9 марта (я запомнил эту дату) меня вдруг вызвали на допрос днем и ввели в другой кабинет. Там сидел какой-то полковник и мой следователь. Внешность полковника поразила меня полным отсутствием хоть какой-либо симпатии, которая все же хоть в какой-то мере была на лице моего следователя и приходивших к нему часто его молодых коллег. Маленького роста, щуплый, с мордой какого-то мелкого хищного животного - то ли хорька, то ли крысы, на которой была написана злоба и ненависть к всему человеческому. Я подумал: "Не дай бог попасть к нему в лапы". Допрос вел он при угодливом поддакивании моего куратора. Я не могу пересказать детальное содержание всего допроса, где вопросы были густо пересыпаны отборной матерщиной. Она встречалась иногда и у моего следователя, но не носила такого злобного характера, и я иногда, чтобы снизить в его глазах производимое на меня ею впечатление от нее, показывал, что и мне знакома "изысканность русской медлительной речи" * и что я владею этим лексиконом, хотя и хожу в еврейских буржуазных националистах. В "беседе" с полковником террор занимал относительно мало места. Я говорил ему, что ошибки встречаются в деятельности любого врача, что они обсуждаются на открытых клинико-анатомических конференциях без вмешательства судебных органов, за исключением разве тех редких случаев, когда они были результатом преступной небрежности. Такие ошибки встречались в моей практике у многих крупных хирургов, в том числе и у Бакулева, и они с полной откровенностью говорили о них, иногда и до вскрытия. На эту элементарную информацию о принципах взаимоотношений клинициста и патологоанатома мой злой оппонент угрожающе зарычал: "Ну что же, мы и Бакулеву покажем". Что он "покажет", он не доложил. Тема о принципах этих взаимоотношений неоднократно звучала в дискуссиях с моим "куратором", и когда он однажды стал утверждать непогрешимость органов МГБ (в ответ на мое утверждение, что такие ошибки делаются и, в частности, они допущены и в отношении меня и повели к моему аресту), я ему ответил: "Ошибки делаете и вы, и мы, разница между ними лишь та, что ваши ошибки обычно ведут к смерти ваших пациентов". Попытка дать такое разъяснение полковнику вызвала только бешеную ругань, в противоположность моему "куратору", который относился к этому более спокойно, упорно утверждая только непогрешимость МГБ в отношении меня и других моих коллег.

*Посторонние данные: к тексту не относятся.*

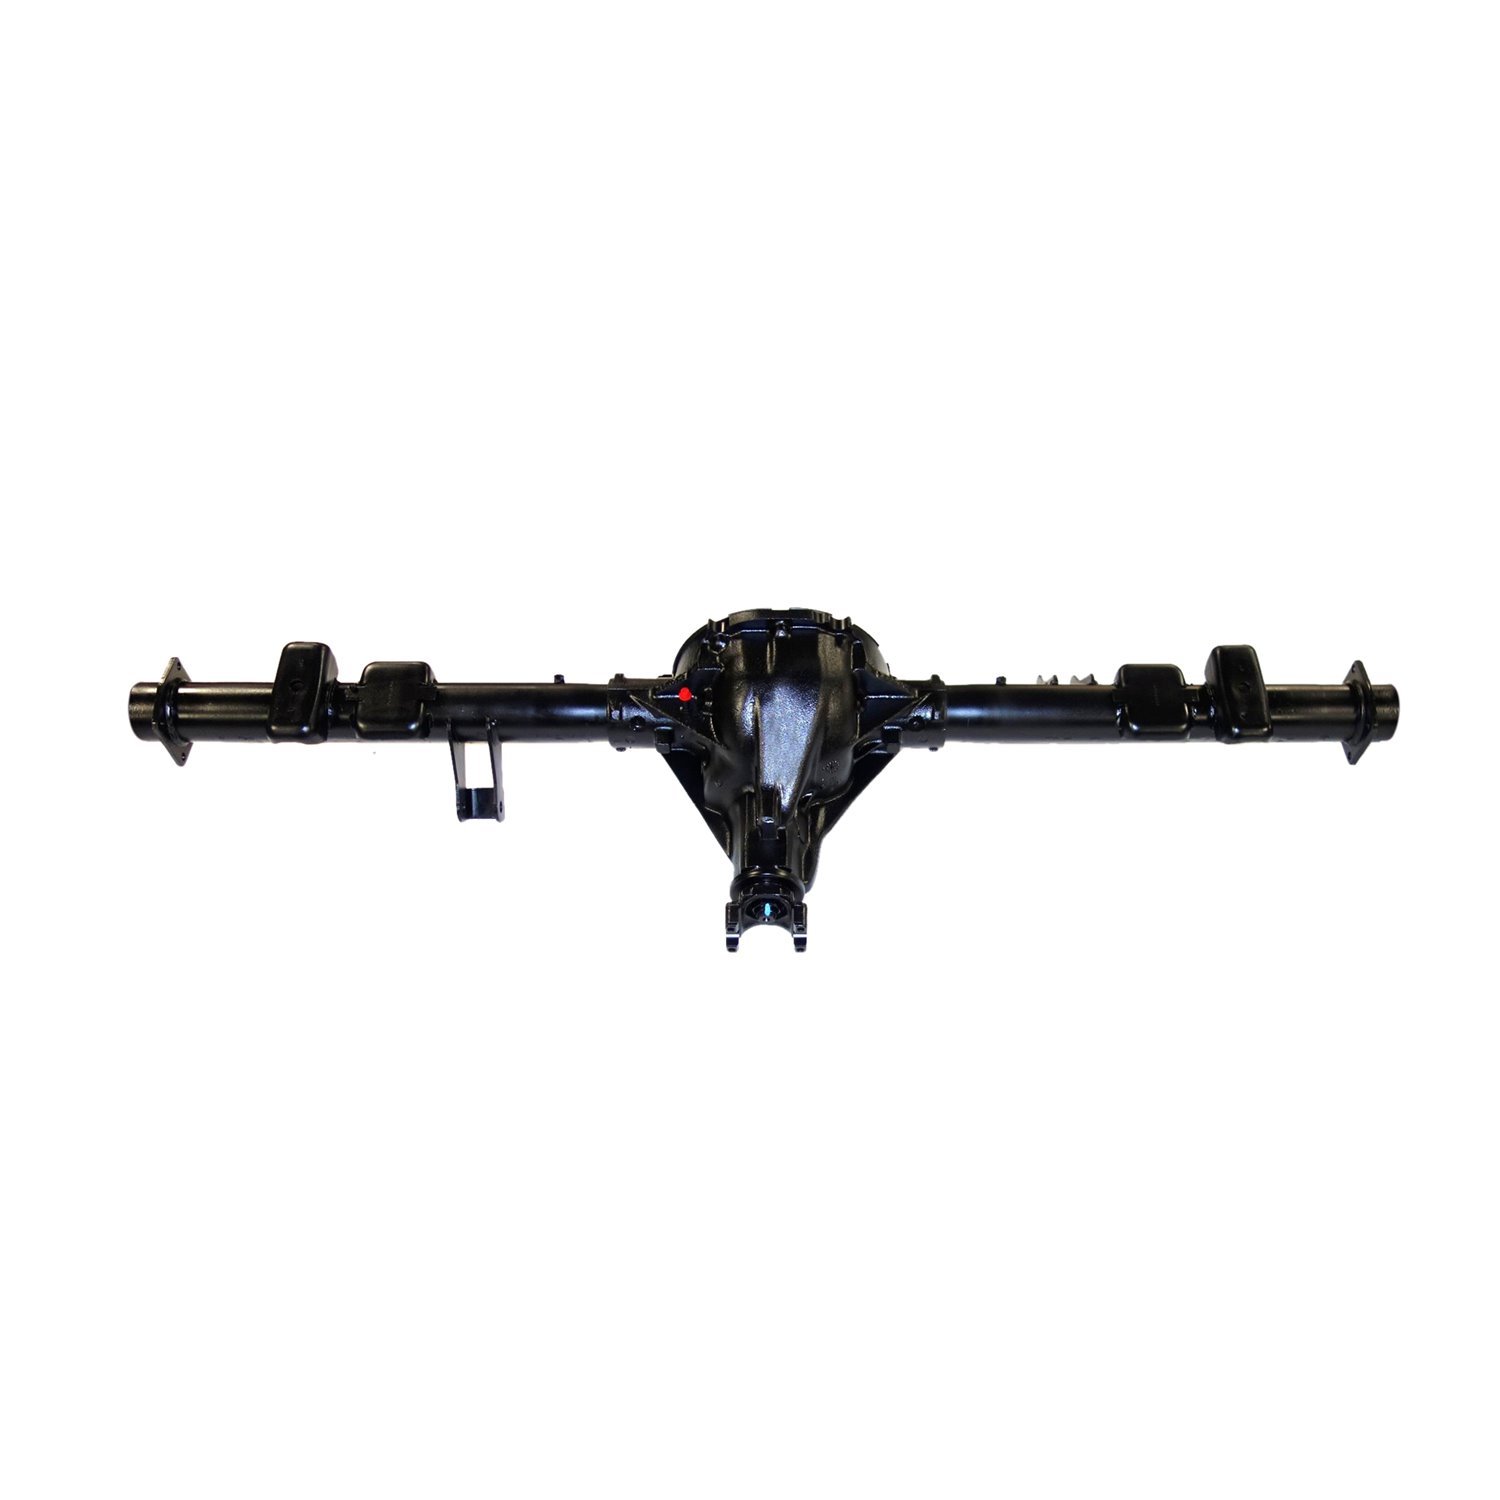 Remanufactured Axle Assy for GM 8.5" 1995 Chevy Tahoe & GMC Yukon 3.08 , 2wd, 2dr

Центральной темой допроса, проводимого полковником, были мои отношения к Маленкову, а не террористические акты, что меня несколько удивило. Агентурные сведения приписывали мне высказывания, что Маленков "сволочь и сукин сын", и я не стал категорически оспаривать возможность употребления мной этих эпитетов. Дальнейшие события в истории партии и Советского государства могли придать этим эпитетам пророческий характер; я мог бы похвастаться, что я давно предвидел его, Маленкова, соответствие этим эпитетам. В далеко не отеческих, а больше "материнских" выражениях полковник укорял меня за мое отношение к Маленкову, который столько сделал для победы над фашистской Германией и вот - благодарность! Я сидел с понуро-повинной головой - что я мог возразить?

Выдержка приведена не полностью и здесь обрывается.